I think that this file is pretty self-evident: the packages being used for this project are listed alongside their versions. The Python version is also listed. Sometimes, depending on how you set up the project, it could happen that the Python version listed is not the one you want for your project. In this case, I highly recommend you change the version to the right one. Also, you’ll notice that here the Python version is “3.12”, but we specified version “3.12.1” with micromamba when we created the environment. I would recommend that you add the missing “.1” for maximum reproducibility.
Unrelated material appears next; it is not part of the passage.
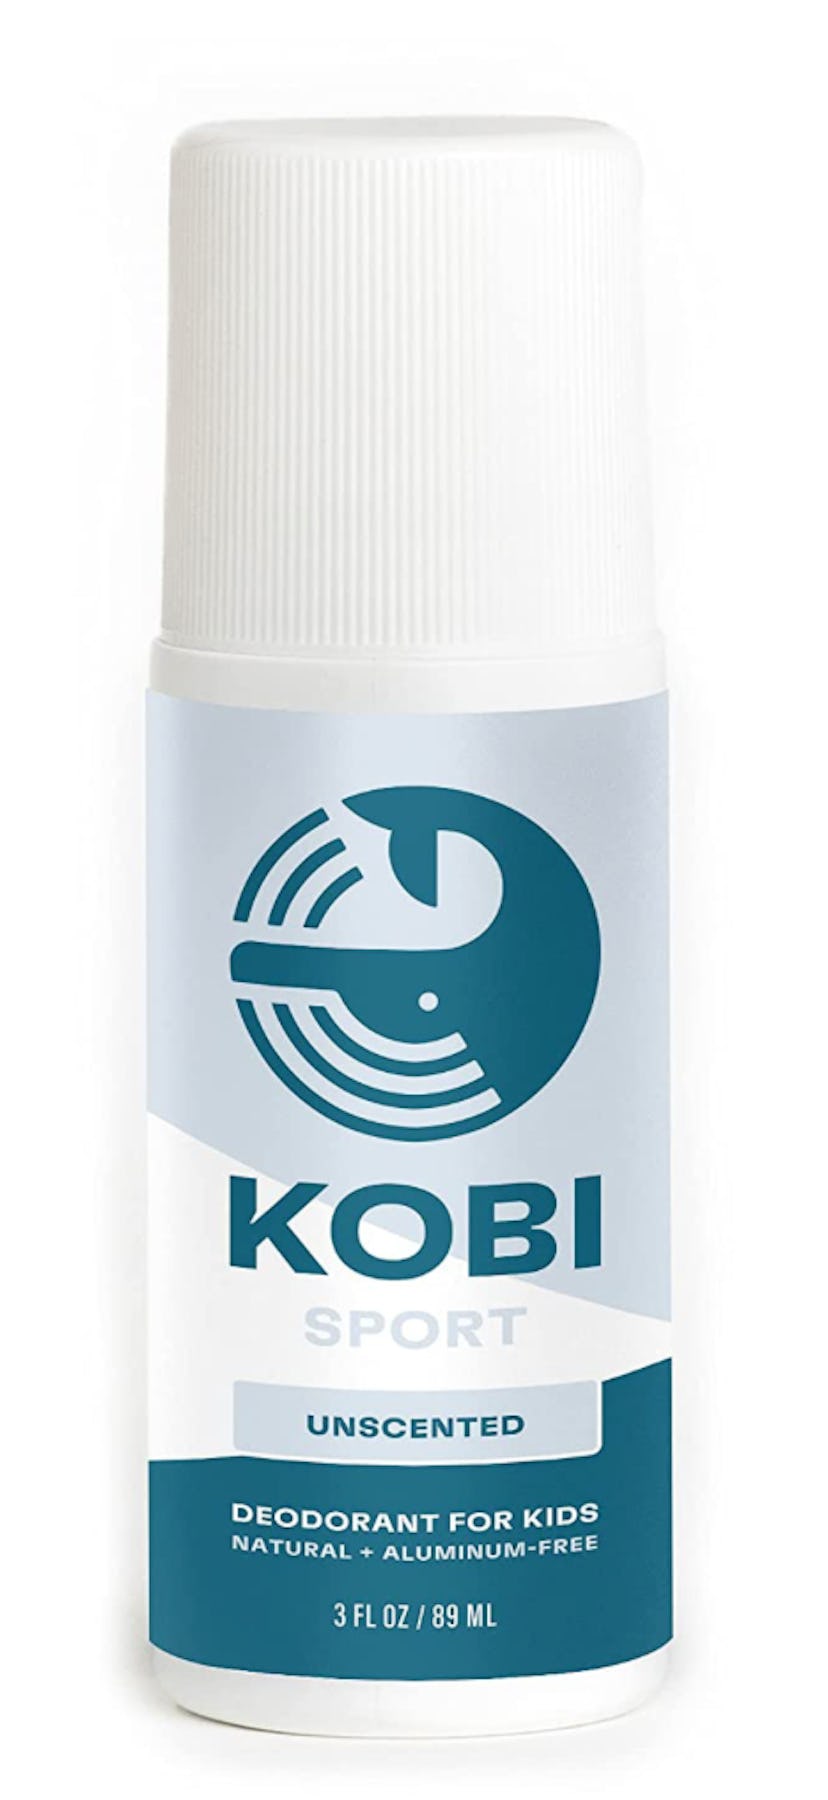 Kobi Sport Deodorant for Kids Unscented For Kids

If you edited the Pipfile then you need to run pipenv lock to regenerate the Pipfile.lock file as well:

micromamba run -n housing pipenv lock

this will make sure to also set the required/correct Python version in there.

If you open the Pipfile.lock in a text editor, you will see that it is a json file and that also lists the dependecies of your project, but also the dependencies’ dependencies. You will also notice several fields called hashes. These are there for security reasons: whenever someone, (or you in the future) will regenerate this environment, the packages will get downloaded and their hashes will get compared to the ones listed in the Pipfile.lock. If they don’t match, then something very wrong is happening and packages won’t get installed. These two files are very important, because they will make sure that it will be possible to regenerate the same environment on another machine.

To check whether everything installed correctly, drop into the development shell using:

micromamba run -r housing pipenv shell

and check that the right version of Python is being used:

python --version

This should print Python 3.12.1 in the terminal. Start the Python interpreter and let’s check polars’s version:

python

Then check that the correct versions of the packages were installed:

import polars as pl
pl.__version__
'1.12.0'

You should see 1.1.0 as the listed version. Quit the shell, and then quit the environment with exit.

2.3 One last thing

Before continuing, it would be nice if we would automatically drop into the environment each time we are in the right folder; so for example, each time we navigate to the housing folder for our project on housing, the housing environment starts. We can achieve this by using a tool called direnv.

I won’t go into details to install direnv, simply consult the documentation.

The next step is to start a shell in your environment by running micromamba run -n housing pipenv shell. This will start a shell inside the housing environment by executing pipenv shell. Take note of the command that appears, in my case it’s this: . /home/b-rodrigues/.local/share/virtualenvs/py_housing-MvX0wC5I/bin/activate (pay attention to the . character at the very beginning of this command!).

In the root folder of the housing project, create an empty text file and name it .envrc. Inside of that file, paste the line from before into the empty .envrc file. Finally, run direnv allow in a terminal in that folder, and each time you will navigate to this folder using a terminal, that development environment will be used. Many development interfaces can work together with direnv, refer to their documentation to learn how to configure your IDE to make use of direnv.

2.4 A high-level description of how to set up a project

Ok, so to summarise, we installed micromamba which will make it easy to install any version of Python that we require, and we also installed pipenv, which we use to install packages. The advantage of using pipenv is that we get deterministic builds, and pipenv works well with micromamba to build project-specific environments.

The way I would suggest you use these tools now, is that for each project, you install the latest available version of Python and then install packages by specyifing their versions, like so:

micromamba create -n project_name python=X.YY.Z pipenv

then, use this environment in a fresh folder to install the packages you need, for instance:

micromamba run -n housing pipenv install beautifulsoup4==4.12.2 polars==1.1.0 plotnine==0.12.4

(Replace the versions of Python and packages by the latest, or those you need.)

This will ensure that your project uses the correct software stack, and that collaborators or future you will be able to regenerate this environment by calling pipenv sync. This is also the command that we will use later, in the chapter on CI/CD.

If you need to add packages to an environment, run: micromamba run -n housing pipenv install great_tables (or simply if pipenv install great_tables if you’re already in the activated housing environment).


  1. https://mamba.readthedocs.io/en/latest/installation/micromamba-installation.html#automatic-install↩︎